A colleague of mine, who used to smoke between mouthfuls during a meal but has at least reduced those sooks to between courses as part of a rigorous health kick, suggested that a good way to cleanse the system and usher in 2018 with sprightly vigour was to try colonic irrigation but I responded by saying that I wasn’t that keen on gardening.
Now, there’s an antiquated, cornball gag that’s not been heard since Capability Brown tried to lighten the mood when planting the herbaceous perennials at Blenheim Palace.
On the European Tour, meanwhile, January is a time to get cracking again with hostilities resuming this week in the BMW South African Open. Following four events prior to Christmas, some of the new recruits to the top table will continue their fight to gain a foothold on the circuit as they chase the pots of gold in the Rainbow Nation.
Of course, attempting to establish a solid beachhead in the treacherous battlegrounds of the European scene is as perilous as mounting an amphibious landing under heavy mortar fire.
For those who earned their tour cards at the qualifying school final – Scotland’s Connor Syme was one of them but he is not playing this week – the challenge of keeping that ticket continues to be increasingly daunting.
At the conclusion of the 2017 season, only three graduates from the previous year’s qualifying school, namely Eddie Pepperell, Edoardo Molinari and Ashley Chesters, managed to keep their playing privileges. That meagre total of survivors, from an initial wave of 30 who came through the q-school scramble, was a record low.
The prospects of those coming on to the tour via that route have not improved by the onset of the Rolex Series, a lucrative programme of eight largely restricted entry events worth $7 million or more which have added financial clout to the tour but has made the gap between the haves and the have-nots even wider.
Nathan Kimsey, for instance, won the qualifying school in 2016 and got 27 events during the 2017 season. That’s a decent kick at the ba’ and, in the cut-throat world of professional sport with its Darwinian concept of survival of the fittest, many will say he had ample opportunities.
But Kimsey finished down in 147th spot on the money list and lost his card. His best result was a handy share of ninth in Qatar which earned him around £43,900. However, that same finish in, for example, the BMW PGA Championship, a Rolex Series showpiece which Kimsey never got in to, was worth a sizeable £126,700 in comparison. In fact, just nine of the 30 q-school graduates played in a Rolex event during the 2017 campaign.

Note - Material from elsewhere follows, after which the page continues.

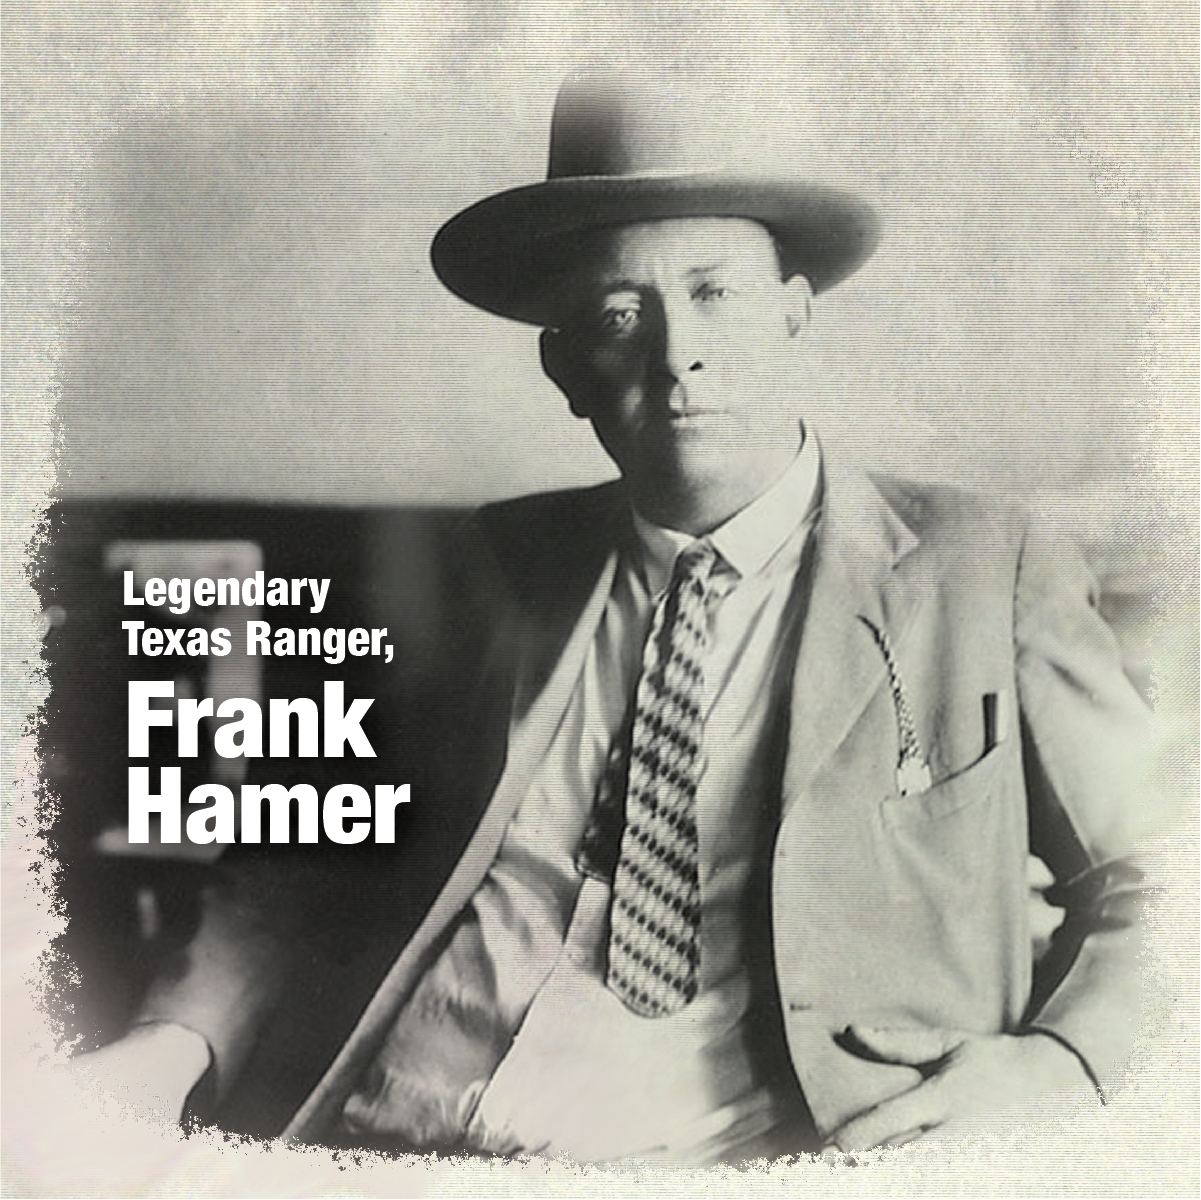 Frank Hamer, legendary Texas Ranger and Lawman.
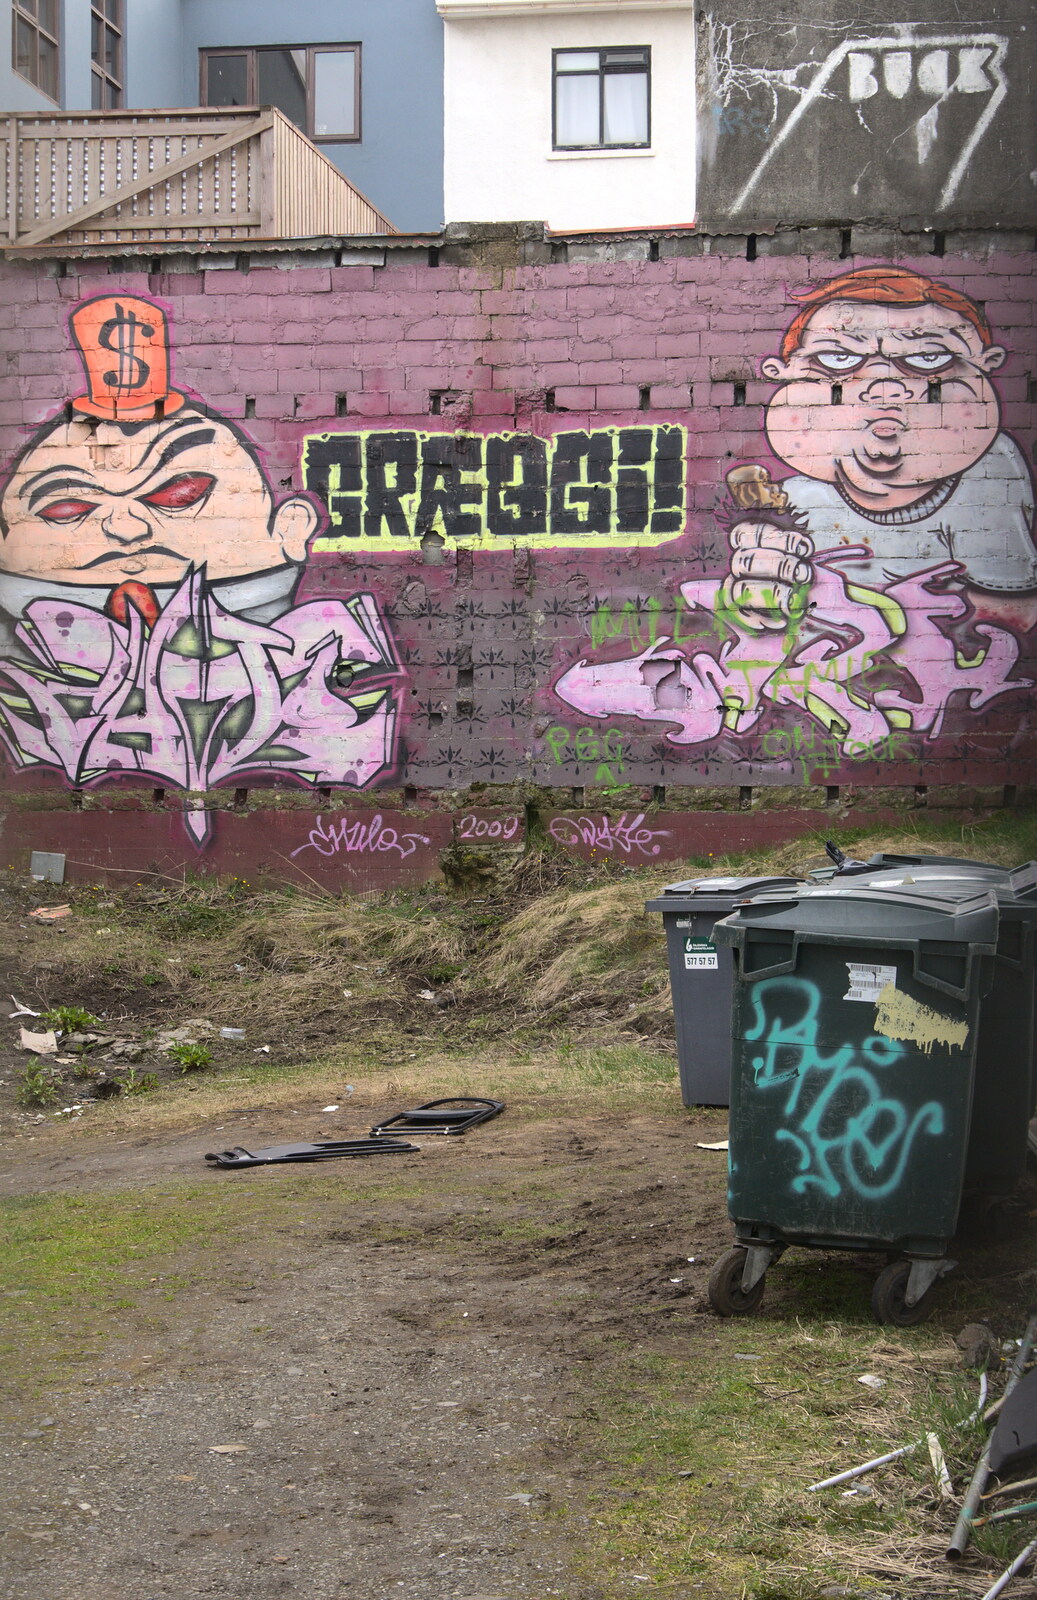 More art/graffiti from Stríðsminjar War Relics, Perlan and Street Art, Reykjavik, Iceland - 23rd April 2017

The European Tour top brass did foresee a problem for those playing for lesser money and made 10 cards available through an Access List comprising money from events that excluded those with restricted entry, like these Rolex bonanzas.
Only one q-school man, the aforementioned Chesters, kept his card that way, though, and that was by the skin of his teeth in 110th place. As the last man in, Chesters still had to earn some £320,000 just to keep his full rights.
That’s an eye-opening figure the likes of Syme and fellow rookie Bradley Neil, who came up off the Challenge Tour, will be looking at. Getting on tour is one thing but staying there is quite another as those on the lower rungs are faced with the kind of fearsome climb that a veteran Sherpa would shy away from.
The answer to the problems faced by those coming on to the tour is harshly simple: play better. “Golf is not, and never has been, a fair game,” said the great Jack Nicklaus.
For the q-school graduates, though, who along with over 800 original entrants stump up the £1800 fee to go through the process, getting a fair crack at the whip once they get on the tour is becoming increasingly difficult.